:: Entries provided ::

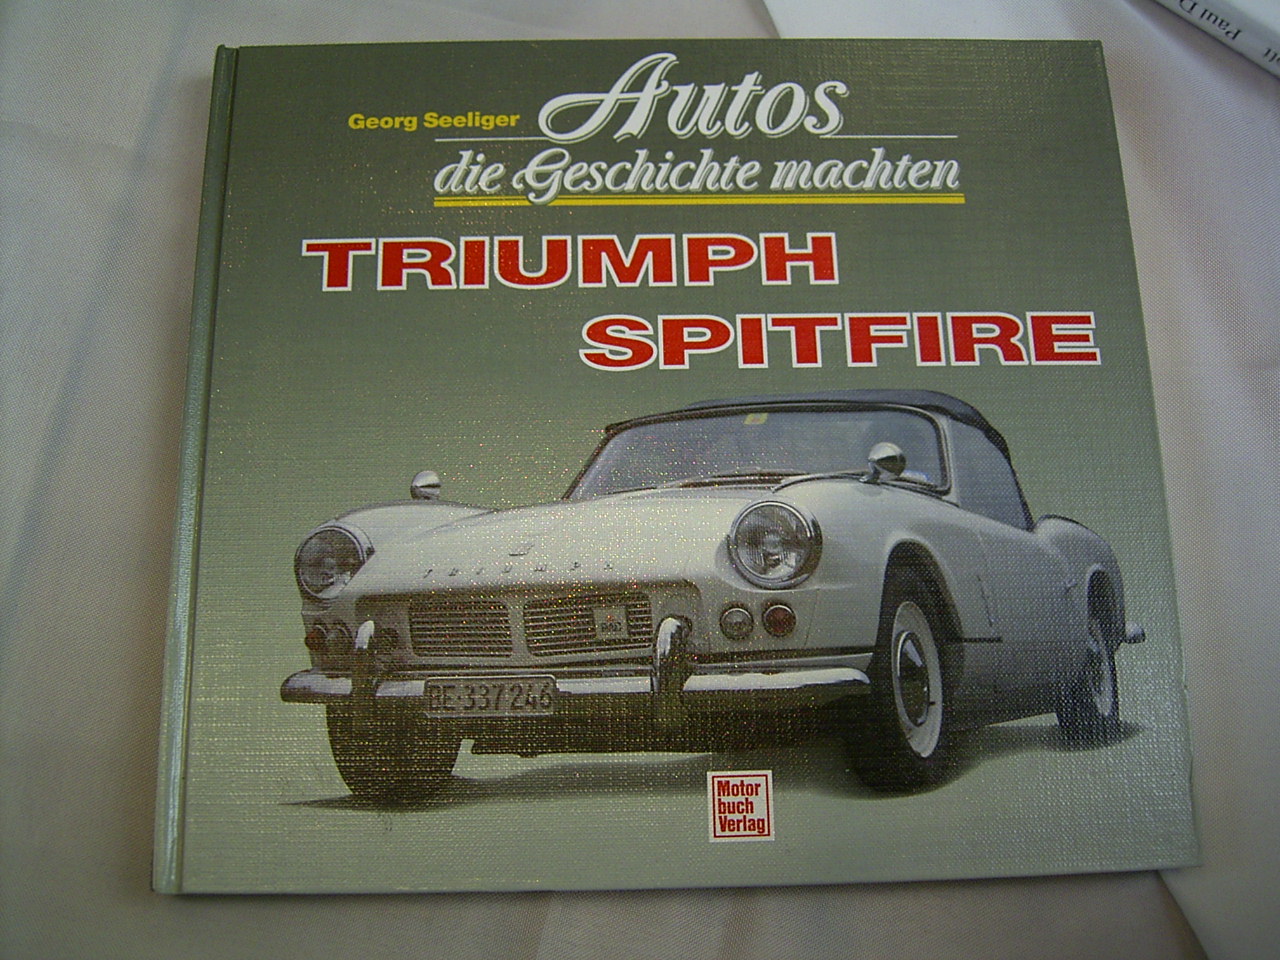 Triumph Spitfire - Autos die Geschichte machten (Georg Seeliger, Motorbuch-Verlag) 
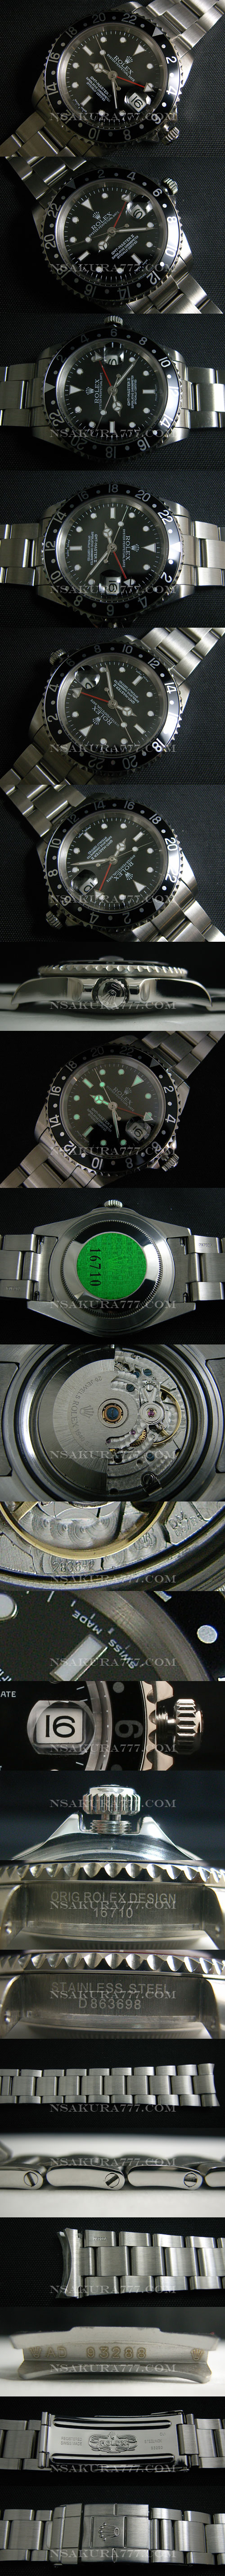 レプリカ時計ロレックス GMT マスター最新改良白2836-2搭載 - ウインドウを閉じる
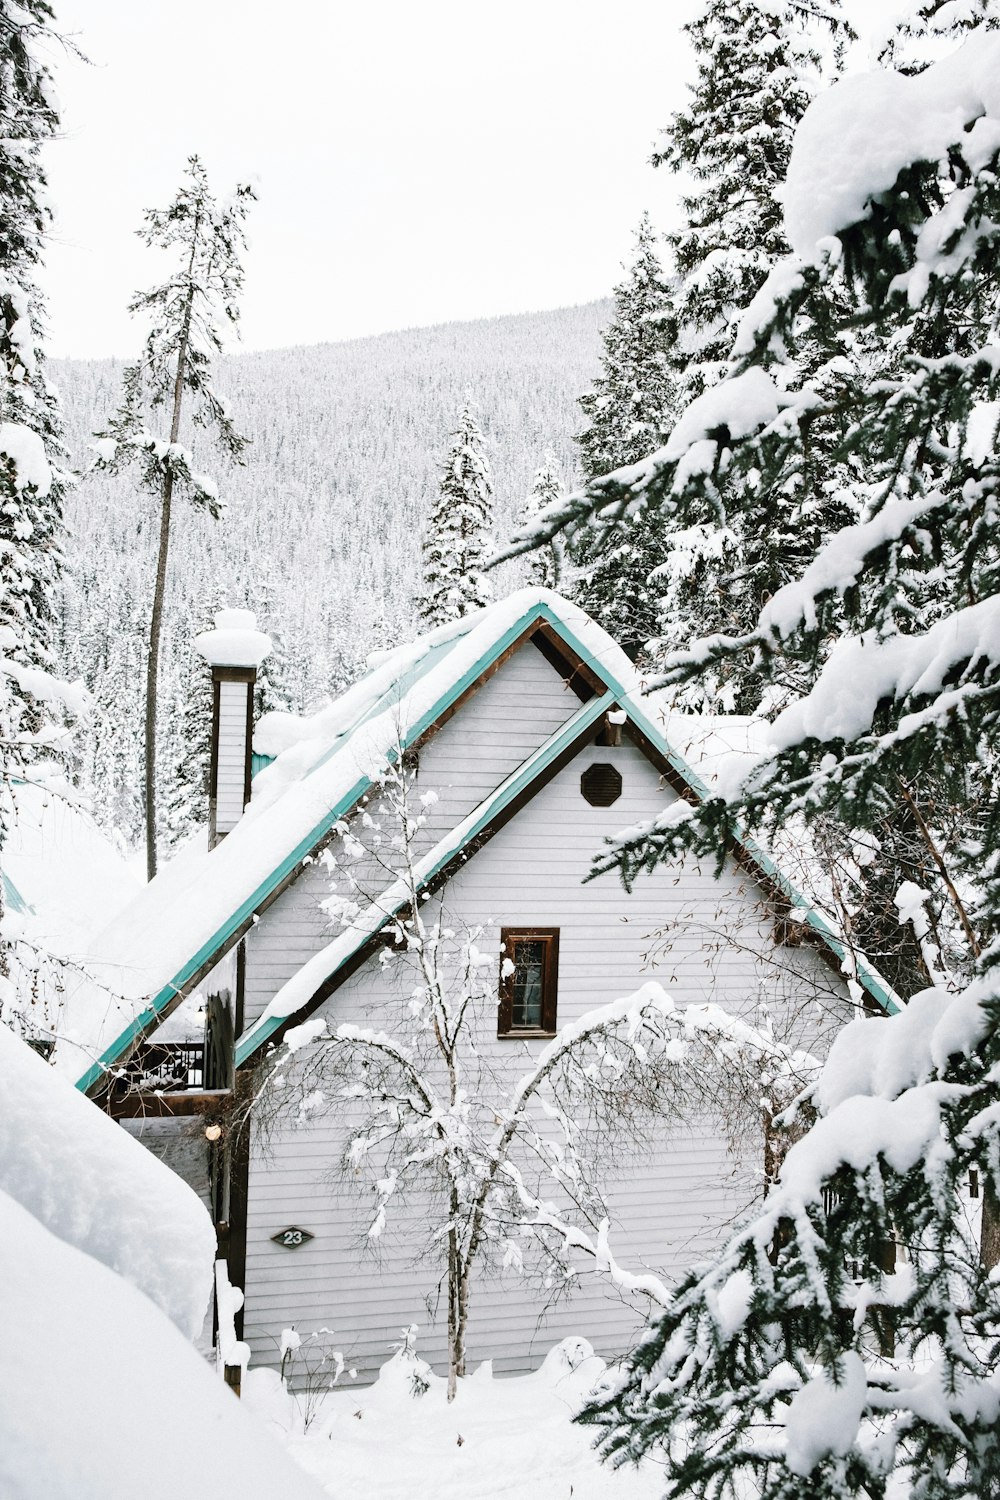 Casa de madeira branca perto de árvores cobertas de neve
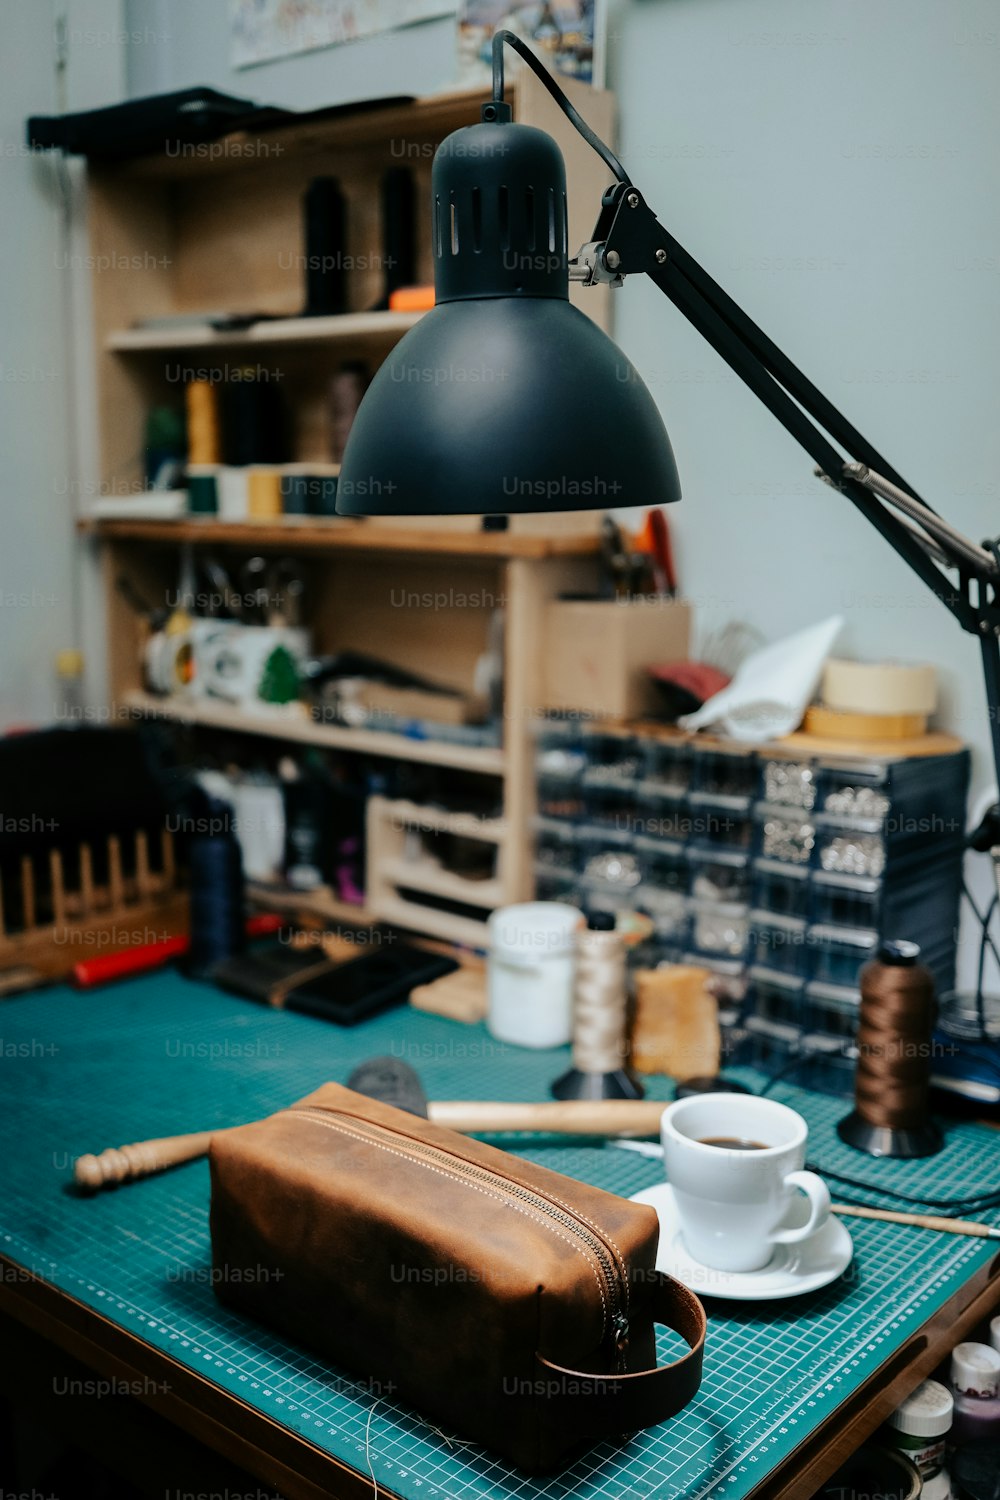 Una bolsa marrón encima de una mesa junto a una lámpara
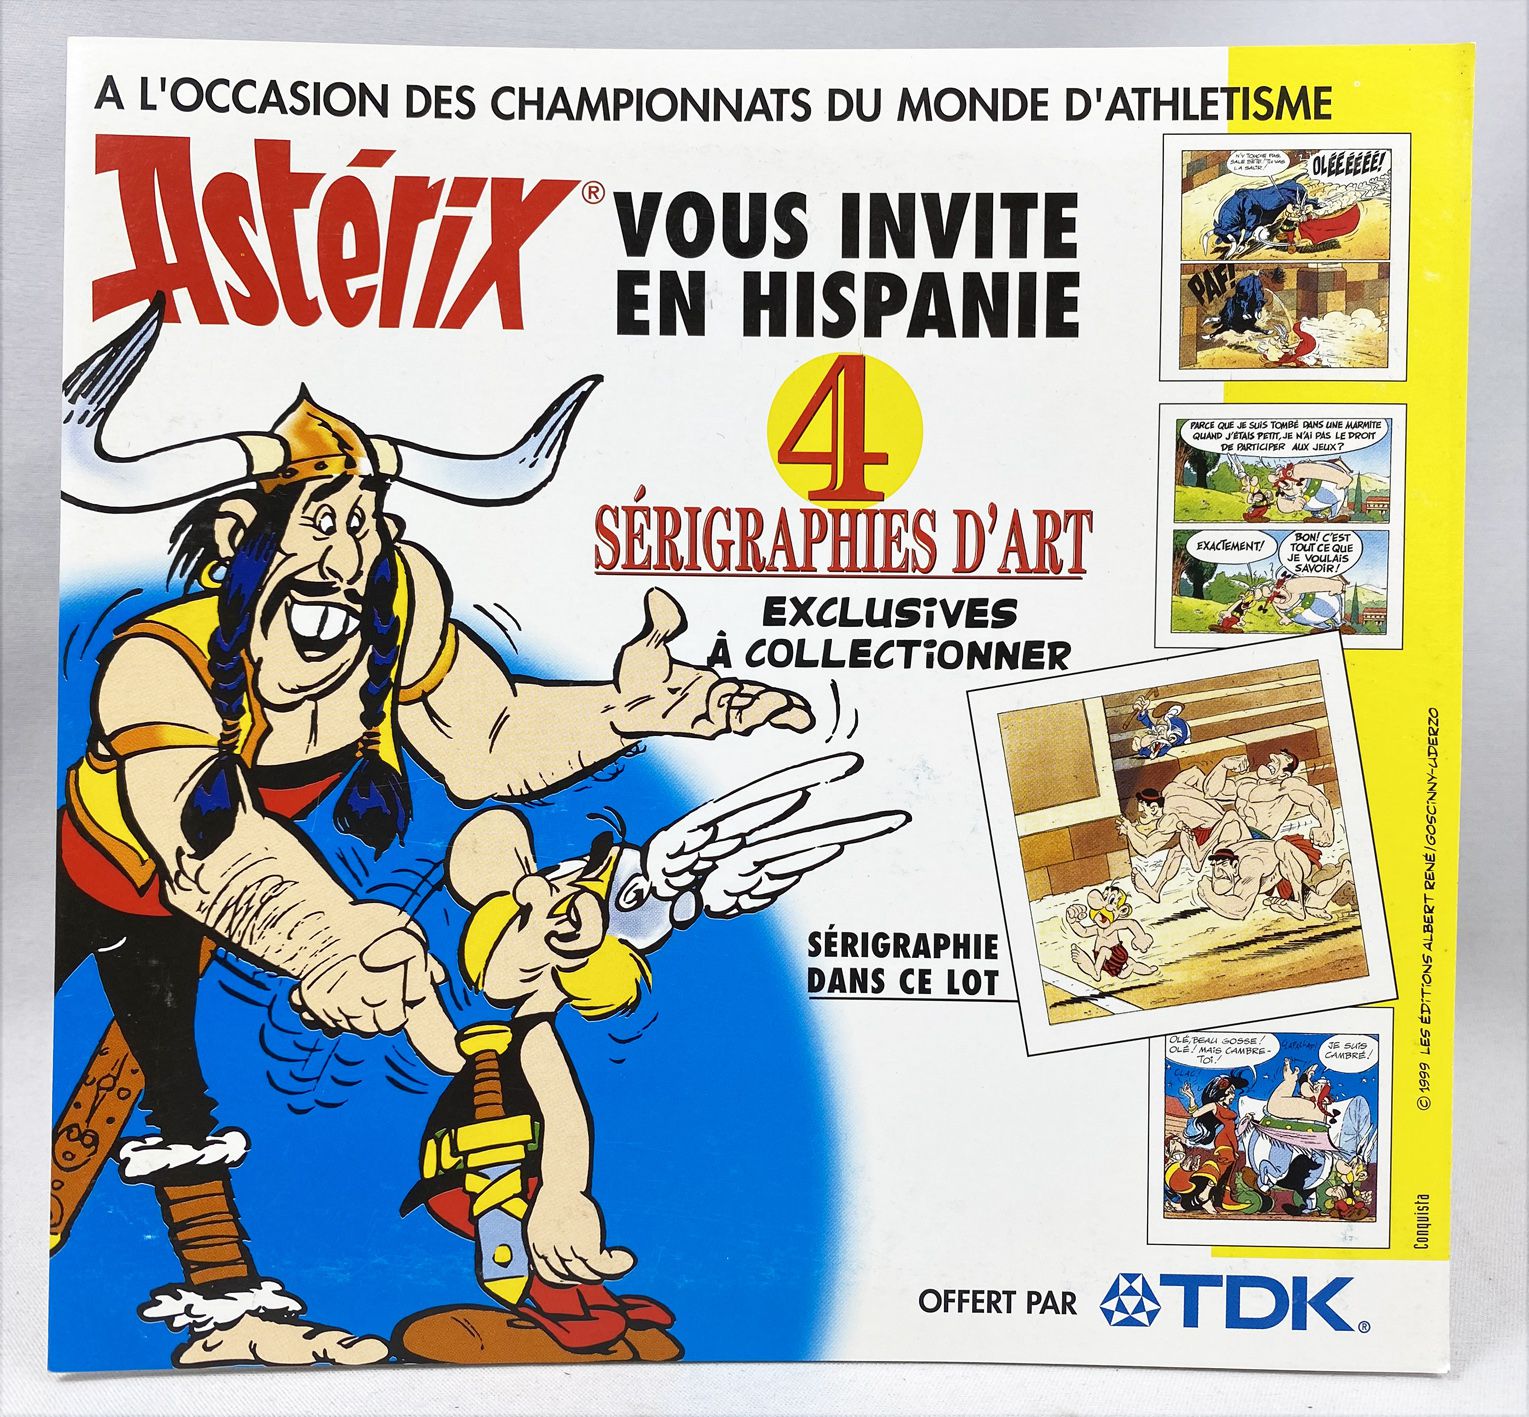 1999 Asterix 
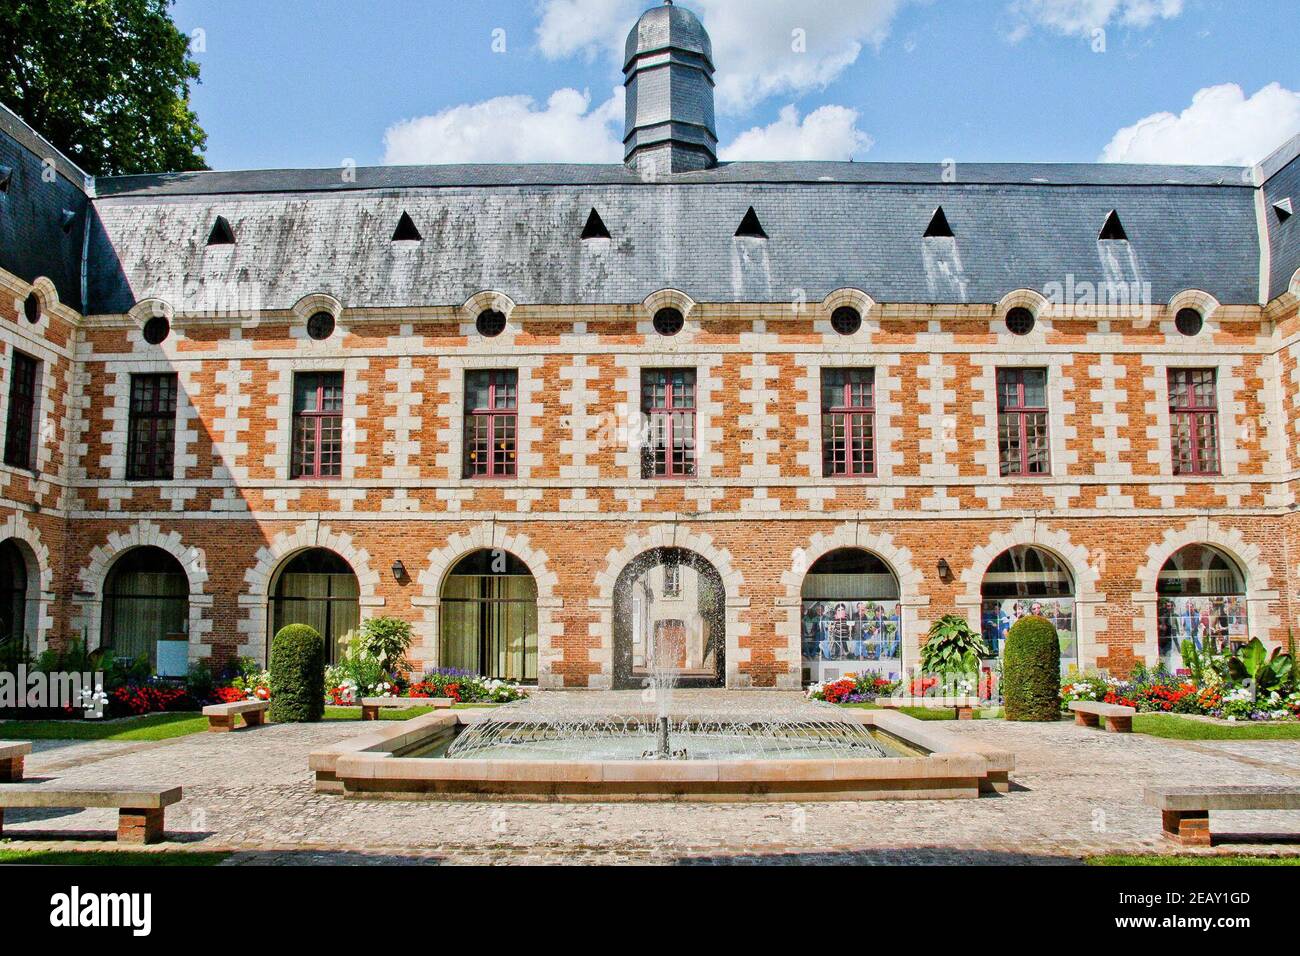 Photo du dossier datée du 4 août 2014 de l'hôtel de ville de Vendome,  France. Vendome a vendu une partie des droits de marque de son nom à Louis  Vuitton. En 2018,

:::

_Activity:_ All that is needed is the lines from the line holding "Una bolsa marrón" to the final line of the listing above, repeated exactly, pictures excluded.

_Task response:_
 Una bolsa marrón encima de una mesa junto a una lámpara
 1999 Asterix 
 Photo du dossier datée du 4 août 2014 de l'hôtel de ville de Vendome,  France. Vendome a vendu une partie des droits de marque de son nom à Louis  Vuitton. En 2018,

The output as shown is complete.